Data:
______________________________

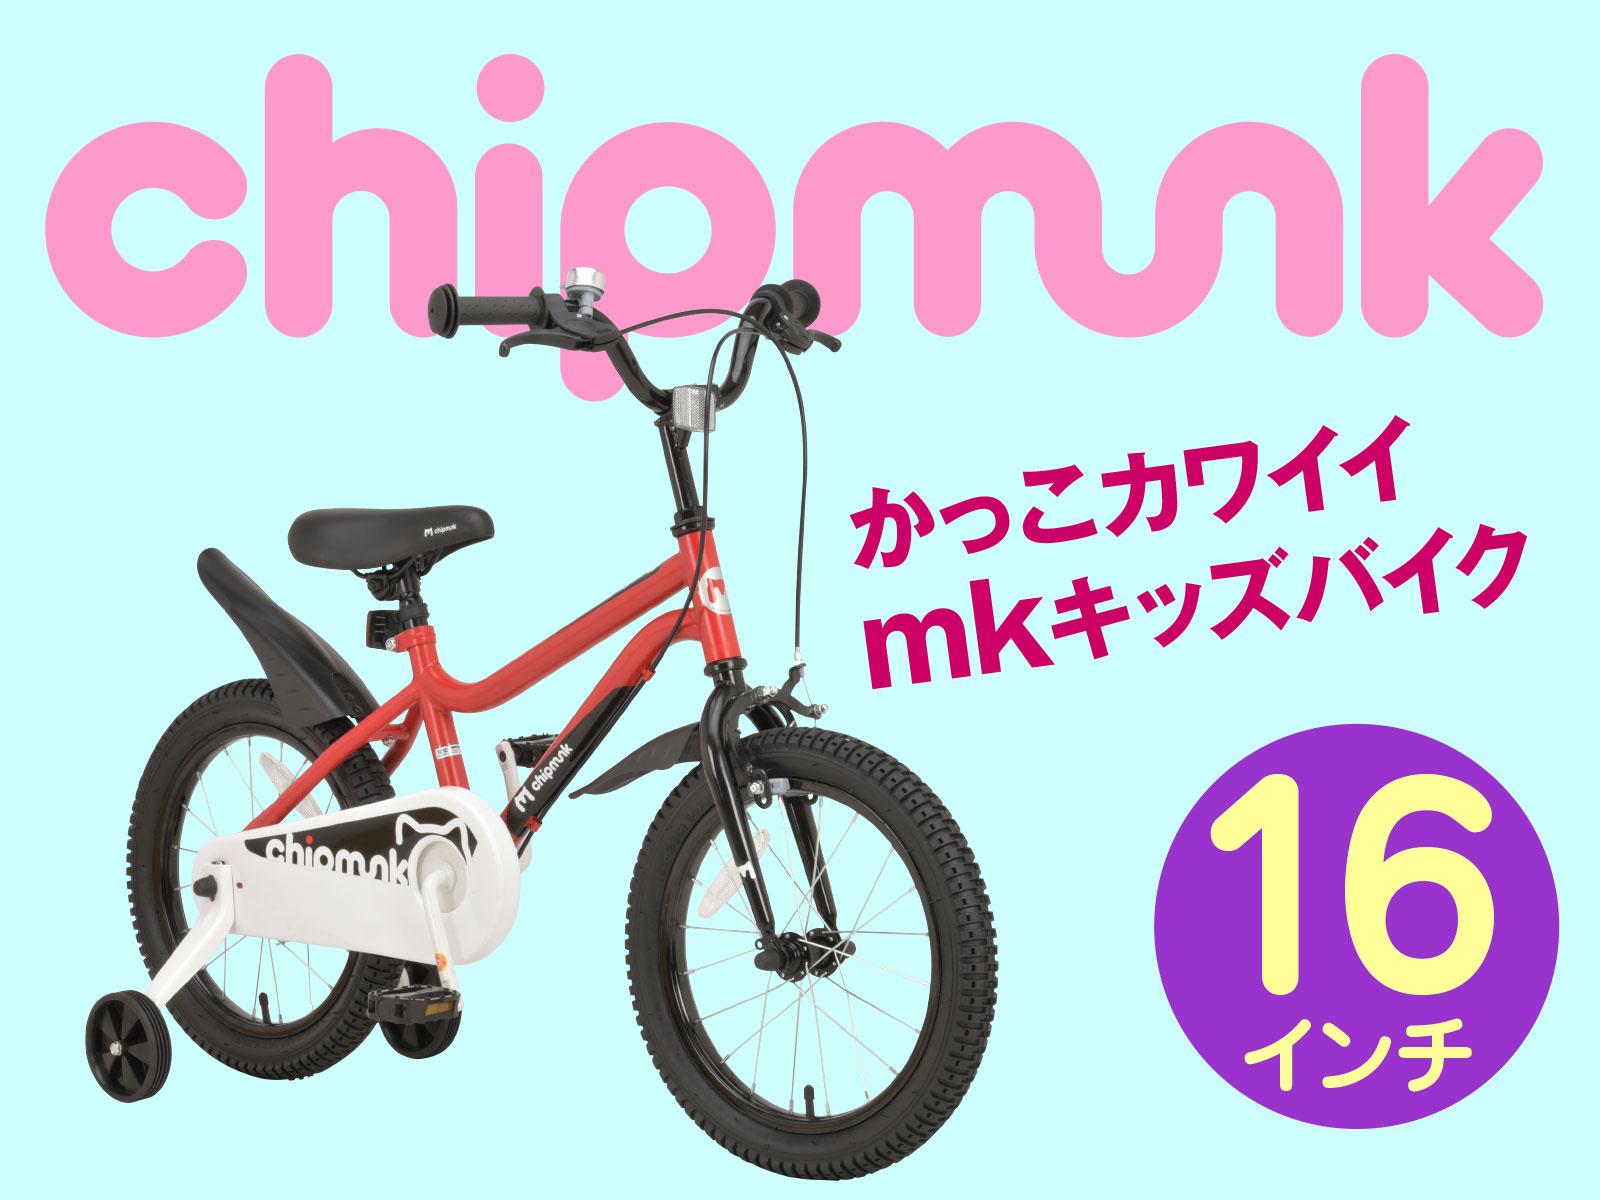 chipmunk_mk16-1
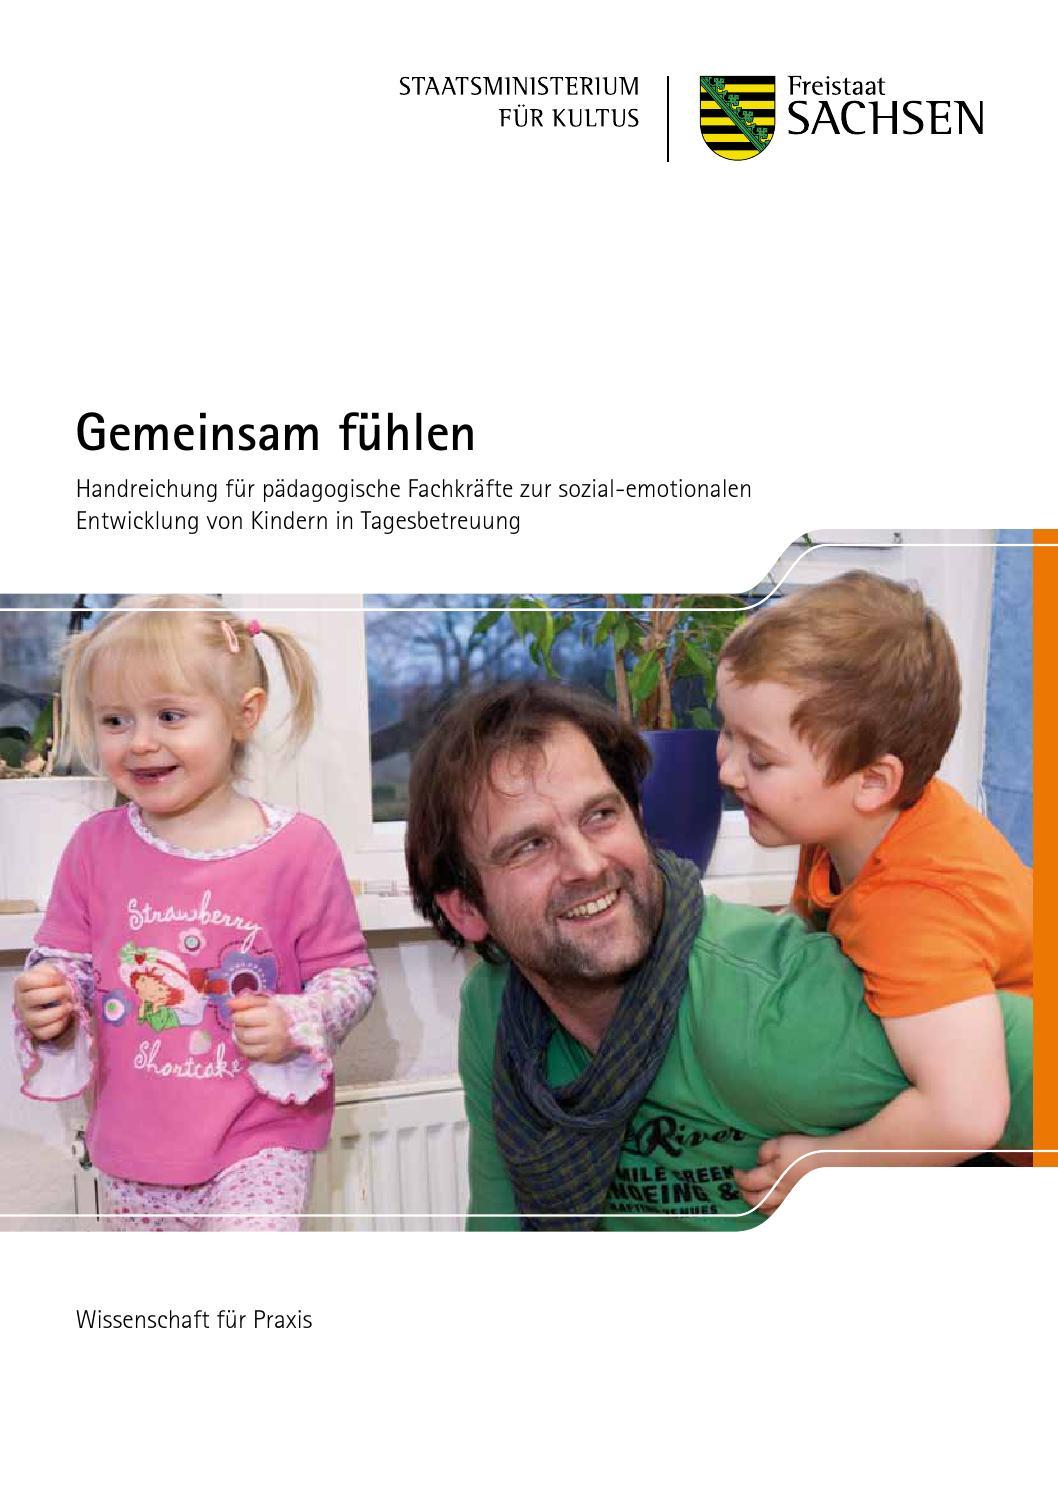 Gemeinsam fühlen by Freistaat Sachsen - issuu
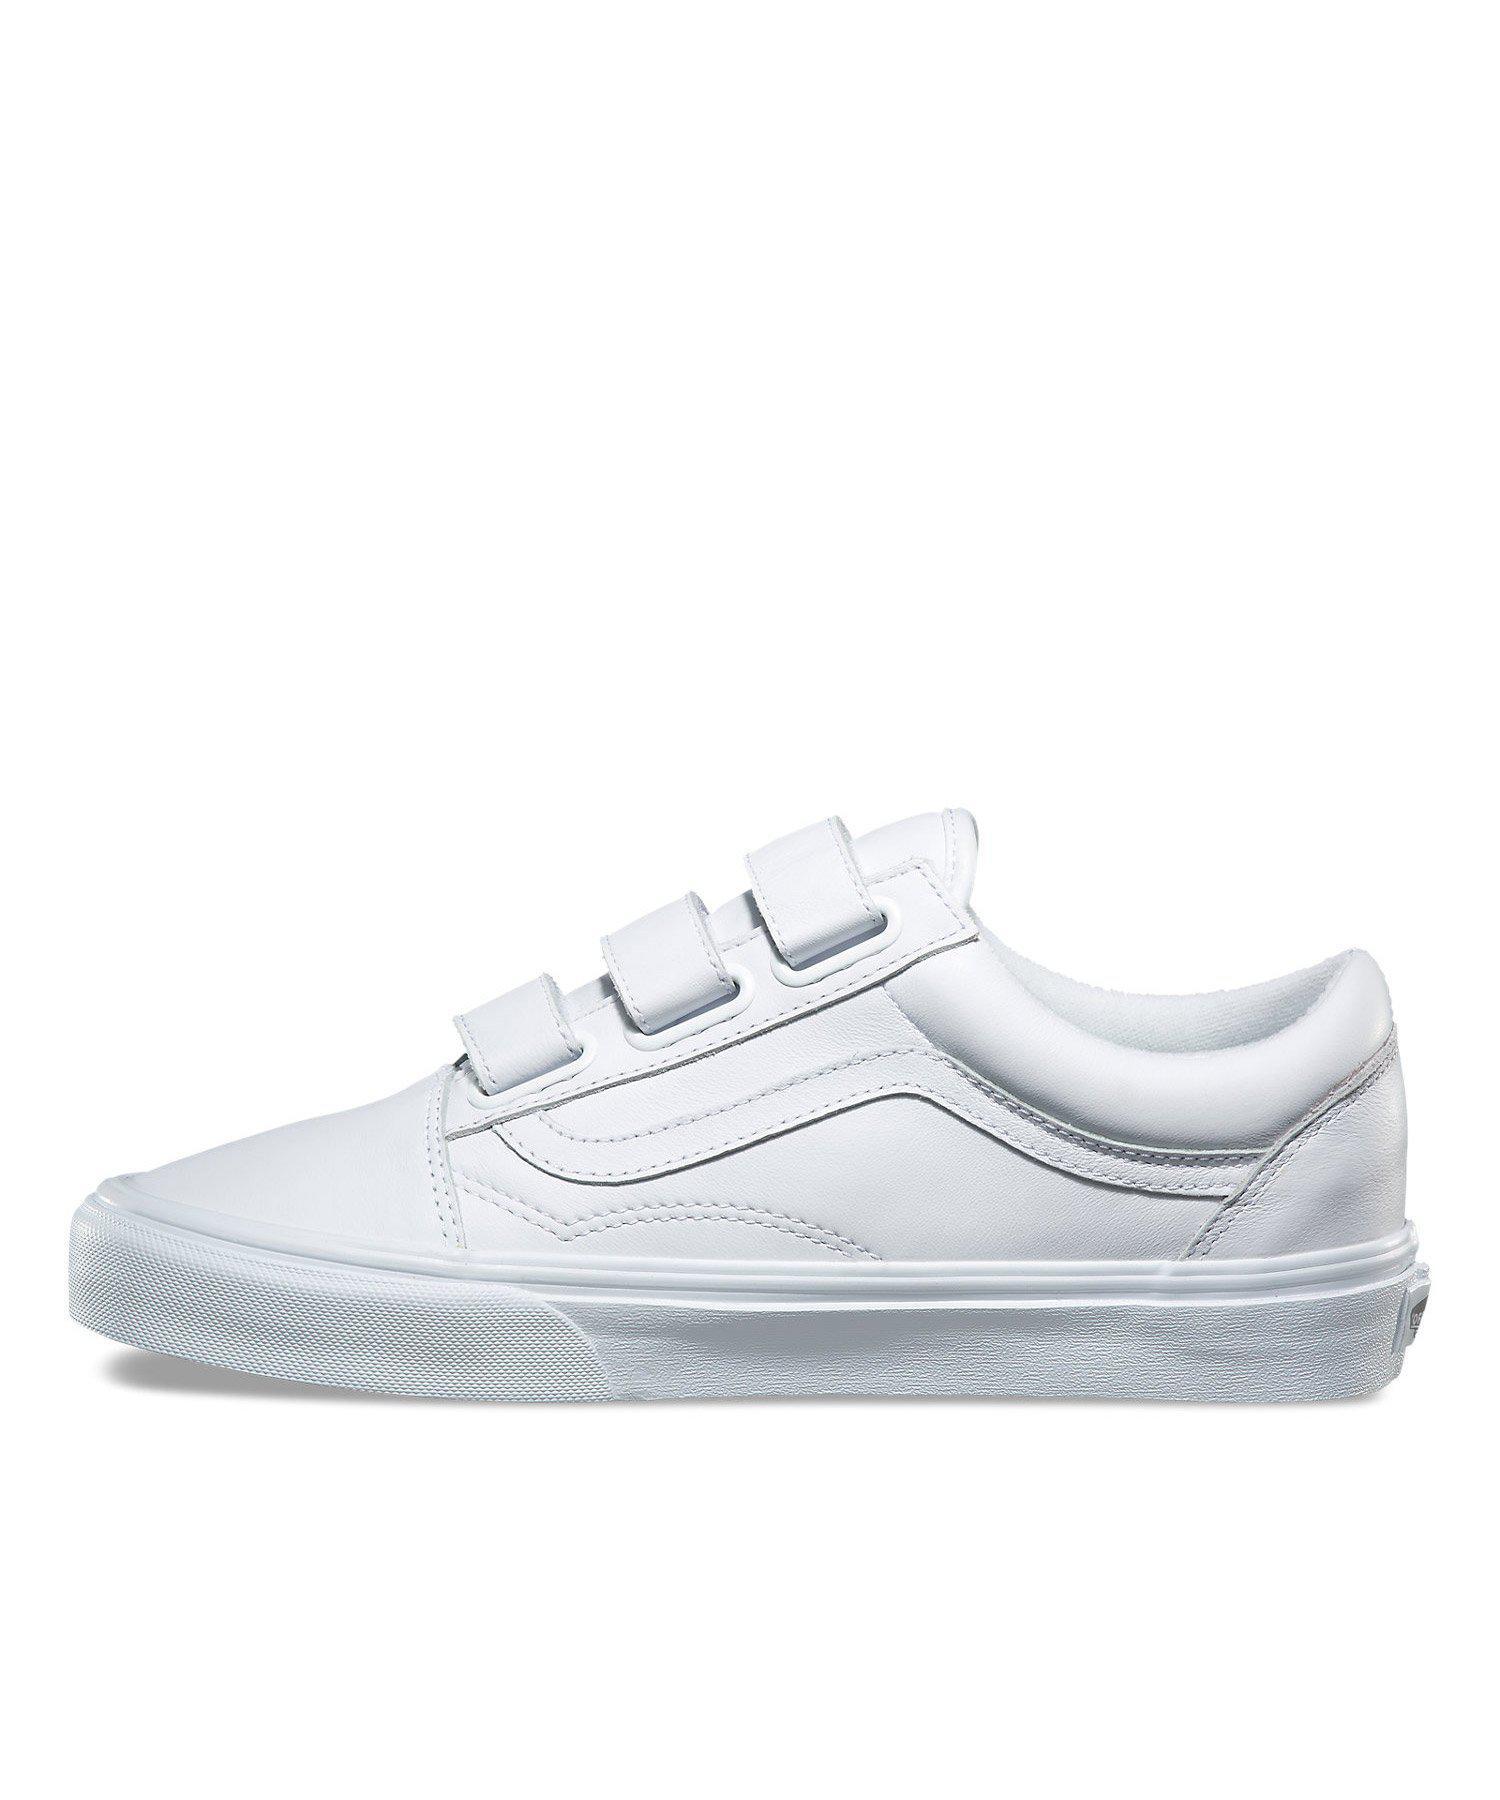 Lyst - Vans Old Skool V Mono Leather In True White in White for Men ef4484731

______________________________

Leaving each image aside, repeat the listing above exactly.

 chipmunk_mk16-1
 Gemeinsam fühlen by Freistaat Sachsen - issuu
 Lyst - Vans Old Skool V Mono Leather In True White in White for Men ef4484731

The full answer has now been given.